→ **Problem**: Your task is to reproduce exactly the lines from the one containing "Is the Pilates" through the last line below, both ends included, and nothing else, with no pictures.

→ **Given information**:
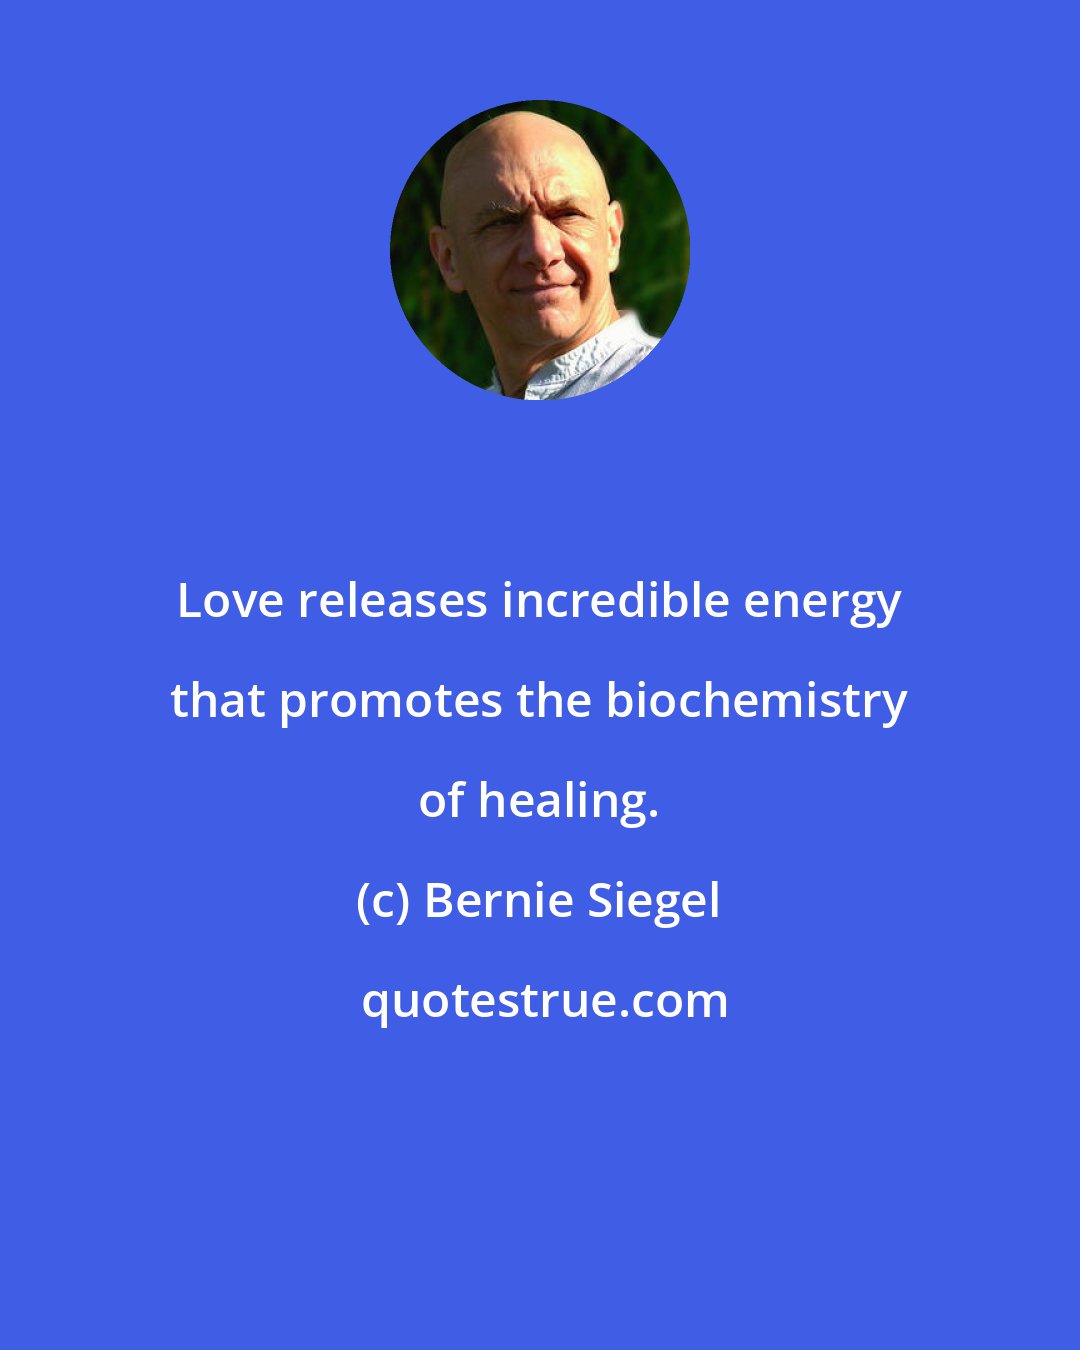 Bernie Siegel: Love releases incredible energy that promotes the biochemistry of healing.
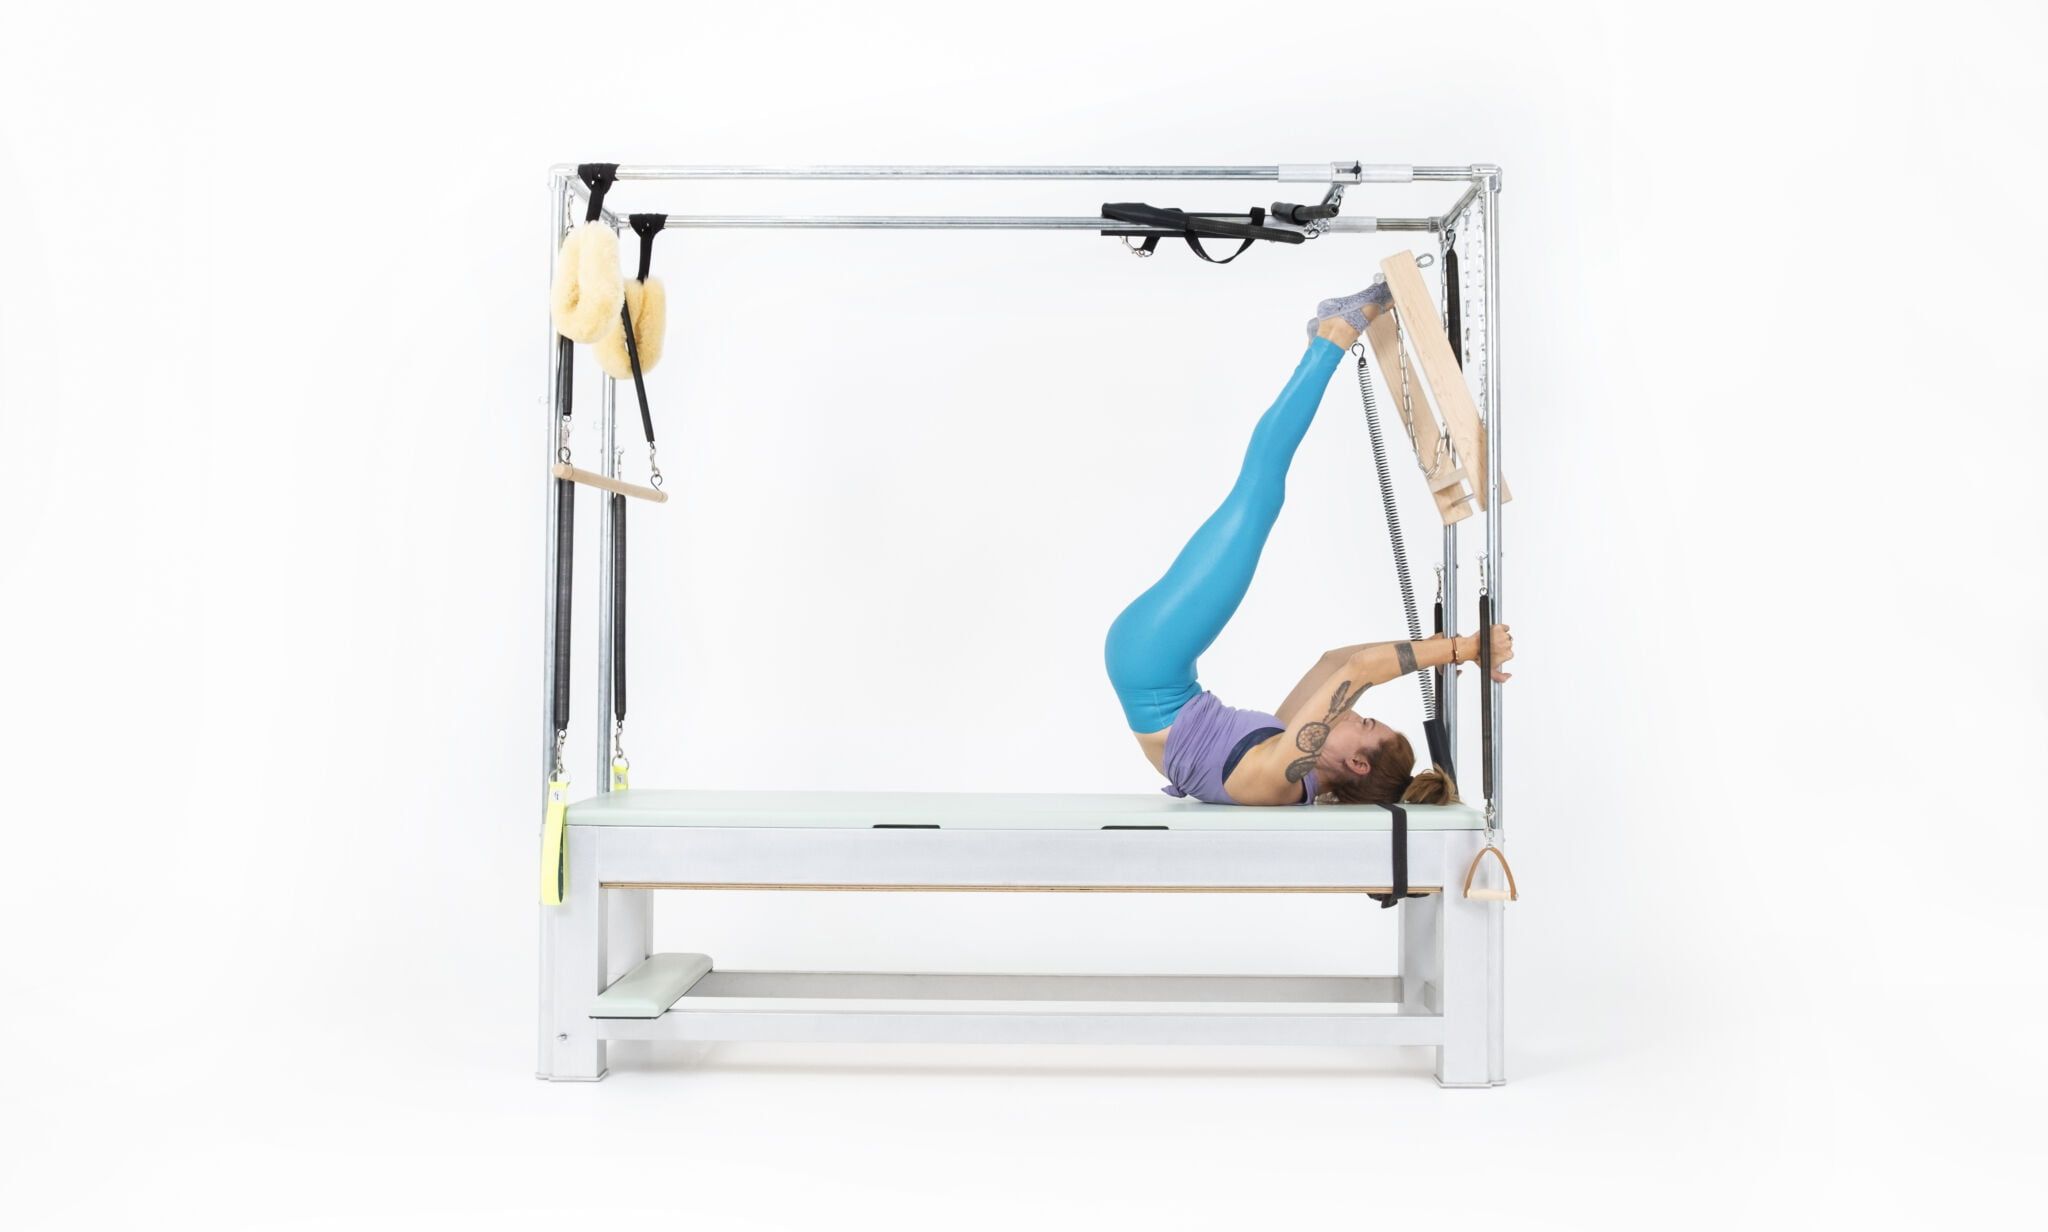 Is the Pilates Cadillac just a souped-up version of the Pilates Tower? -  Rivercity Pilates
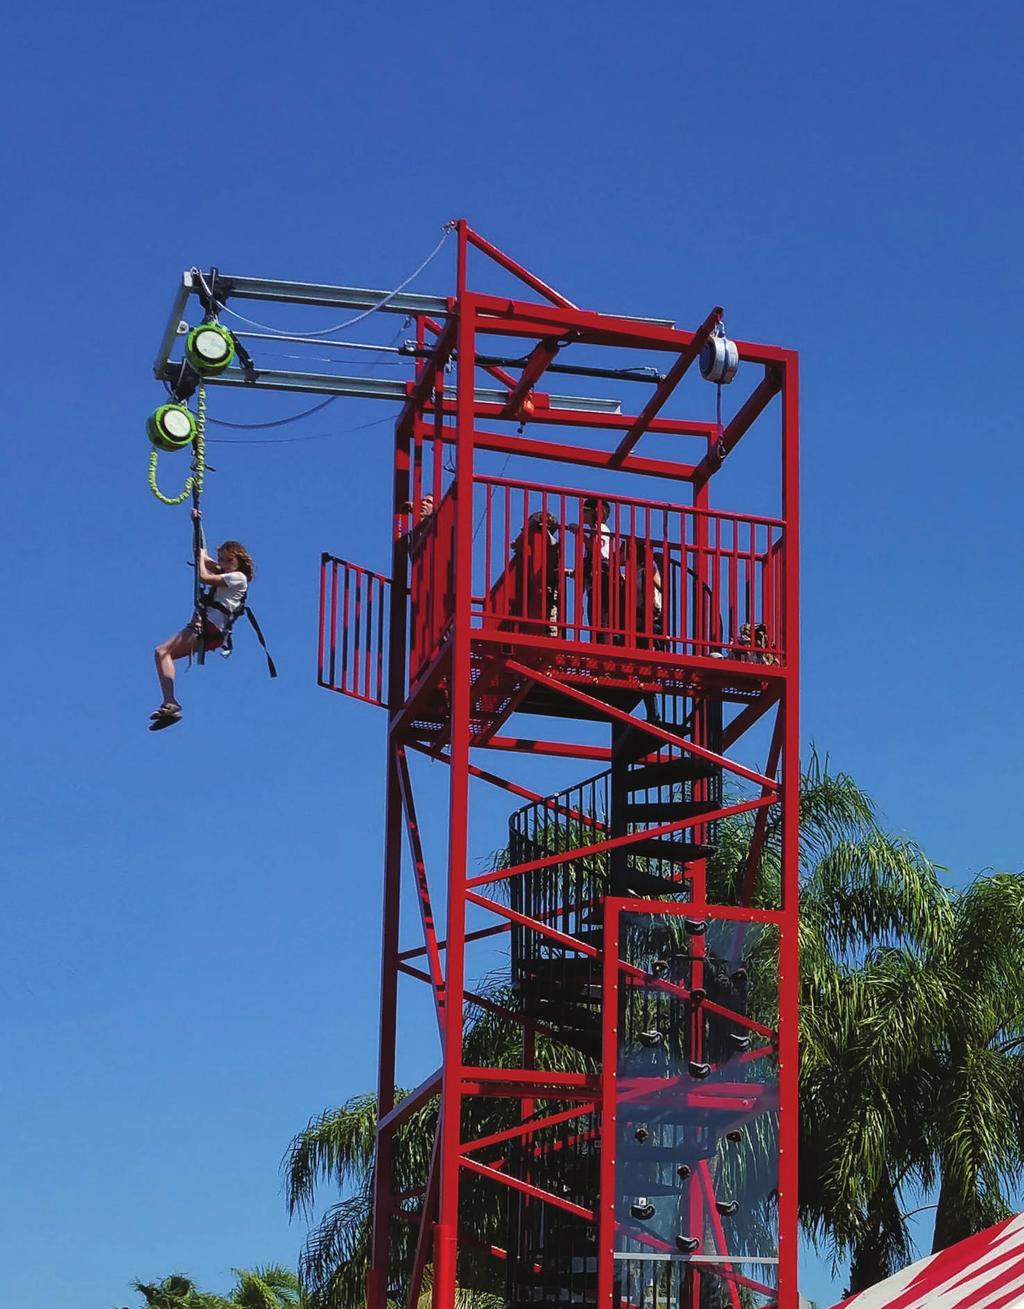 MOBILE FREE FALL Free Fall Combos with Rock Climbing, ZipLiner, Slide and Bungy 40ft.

→ **Written solution**:
 Is the Pilates Cadillac just a souped-up version of the Pilates Tower? -  Rivercity Pilates
 MOBILE FREE FALL Free Fall Combos with Rock Climbing, ZipLiner, Slide and Bungy 40ft.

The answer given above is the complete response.